都市兵王俏佳人 21 豁出去的玻璃刀
作者:你看不见我的小说      更新:2017-10-14

  “你是他们什么人?”民警问。

  “哦,我是那个女孩的家长。”苏子杰和蔼的说道。

  民警一副爱理不理的样子,说:“不知道上头怎么处理的,如果拘留的话,二十四小时内会通知你们,你明天再来吧。”说完扭头看电脑去了。

  苏子杰心想,如果等他们通知,只怕什么都晚了。

  苏子杰说:“麻烦您帮我问问可以吗,我想见他们一面,我们做父母的心情,还希望您能理解一下。”

  “这个我做不了主,叫你明天来你就明天来,跟我说也没用,懂吗?”民警一副不耐烦的口气。

  正在这时,大厅口传来急促的脚步声,苏子杰扭头一看,只见走进来三个人,最前面是一个穿着警服的警察,肩上两杠三星,后面一个身材高挑的姑娘,还有一个笑嘻嘻的中年人。

  “哟,老姚啊。”苏子杰老远就打招呼。

  “苏厅长,您这么晚了大老远的跑来,您辛苦啦。”姚文英快步奔上前,立正敬礼,随即伸出手来,两只大手紧紧握在一起。

  姚佳慧问候说:“苏伯伯好。”

  “几年不见,慧慧也长这么大了,我都不敢认了。”苏子杰欣慰的望着姚佳慧。

  姚文英说:“对不起,苏厅长,是我没有照看好孩子们,这是我的失职,我请求您处罚我。”

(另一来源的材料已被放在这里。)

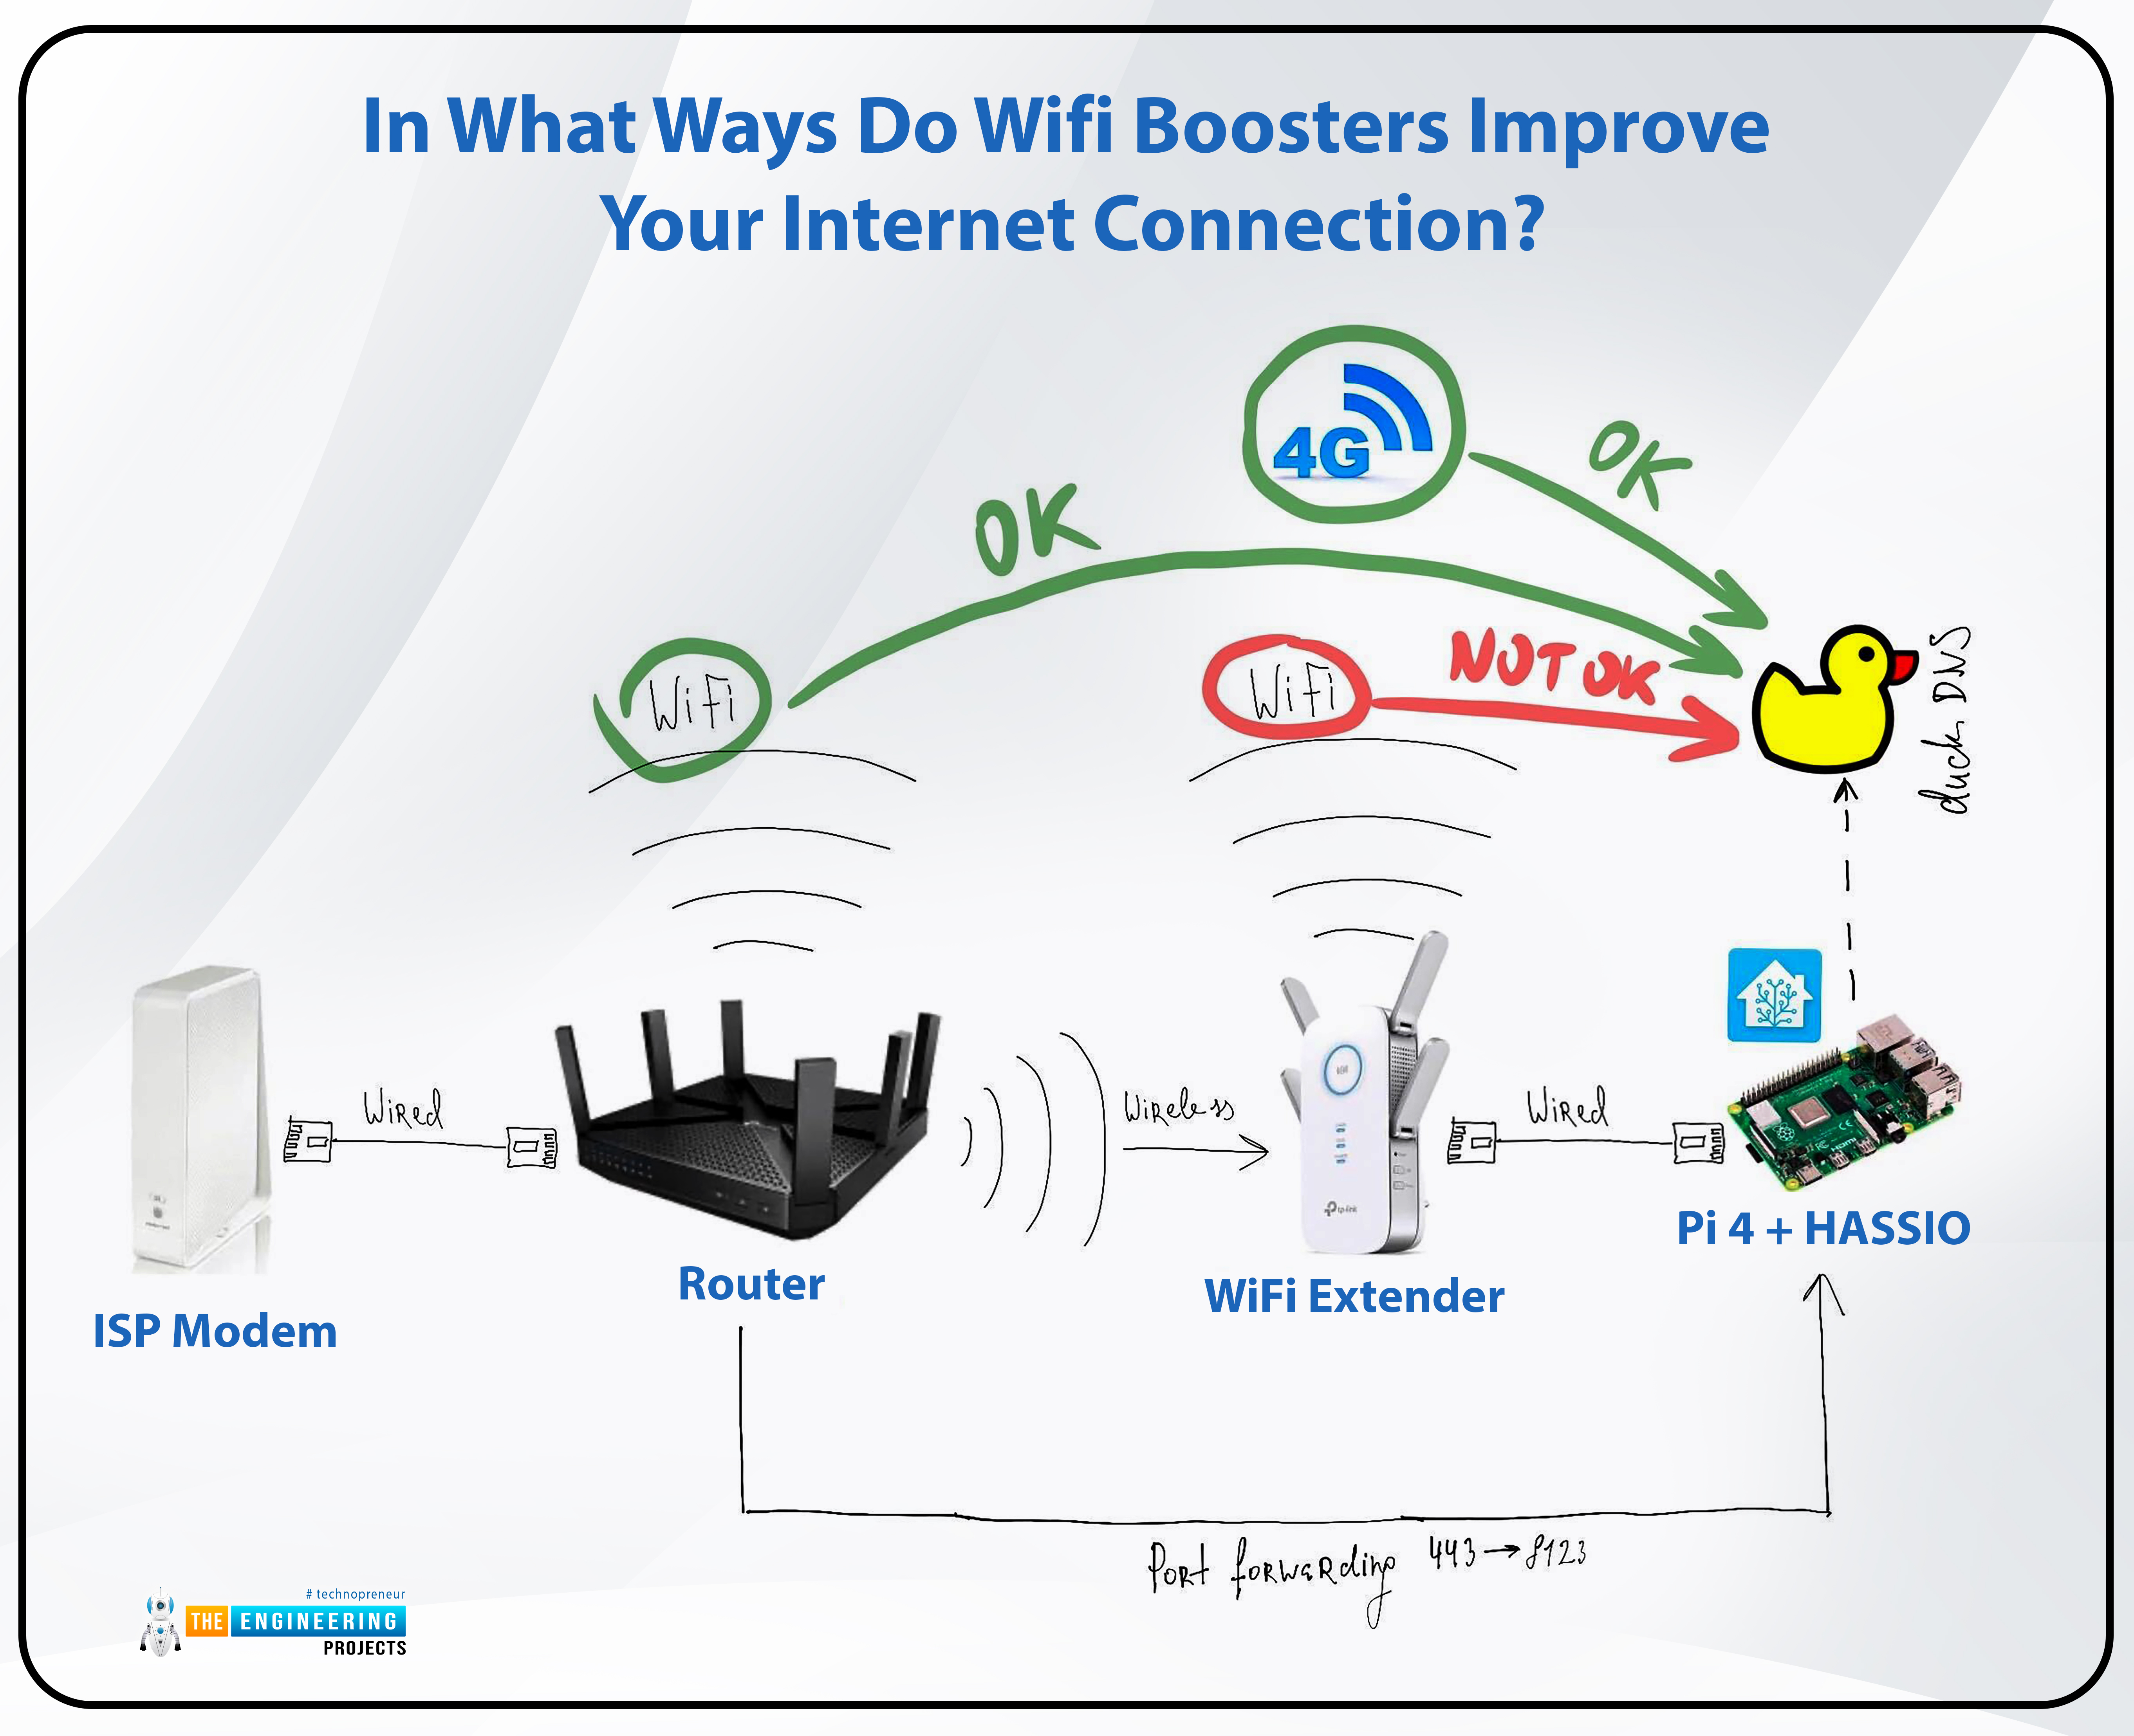 Create a wifi Extender with a Raspberry Pi 4, wifi extender with rpi4, rpi4 wifi extender, wifi extender rpi4, extend wifi with raspberry pi 4

  “处罚要有,不过,现在不是讨论这个的时候。”苏子杰说,看了看后面随行的笑脸男子,问:“这位是?”

  井传文望着苏子杰,嘻嘻地傻笑,傻笑就罢了,还抹了一把口水鼻涕,姚佳慧慌忙拿出纸巾,帮井传文擦去。

  姚文英说,“前天被绑架到黑煤窑上的就是他,他是慧慧他们一个朋友的父亲,早年在工地上被砸伤了头部,就成这样了。”姚佳慧很合时宜地拿起井传文的手臂,撸起井传文的袖子,给苏伯伯看,说:“苏伯伯,您看看,这就是被那些打手打的。”

  苏子杰凑近,只见井传文身上青一块紫一块,伤口遍布,贴着创可贴。

  “太不像话了。”苏子杰脸色阴沉,说:“这些黑窑主为非作歹,作恶多端,危害社会不浅,更可恨的是,我们公安机关的一些腐败分子目无法纪,与其狼狈为奸,天理难容啊!”

  值班民警看着眼前的情形,穿警服的级别和晋局长相当,而他向这个满身青菜味的人敬礼,并且称呼苏厅长?难道是省公安厅的苏子杰?

  民警立即打开网页,输入苏子杰三个字,立即出来了许多关于苏子杰的照片和新闻,仔细一看,还真是这人。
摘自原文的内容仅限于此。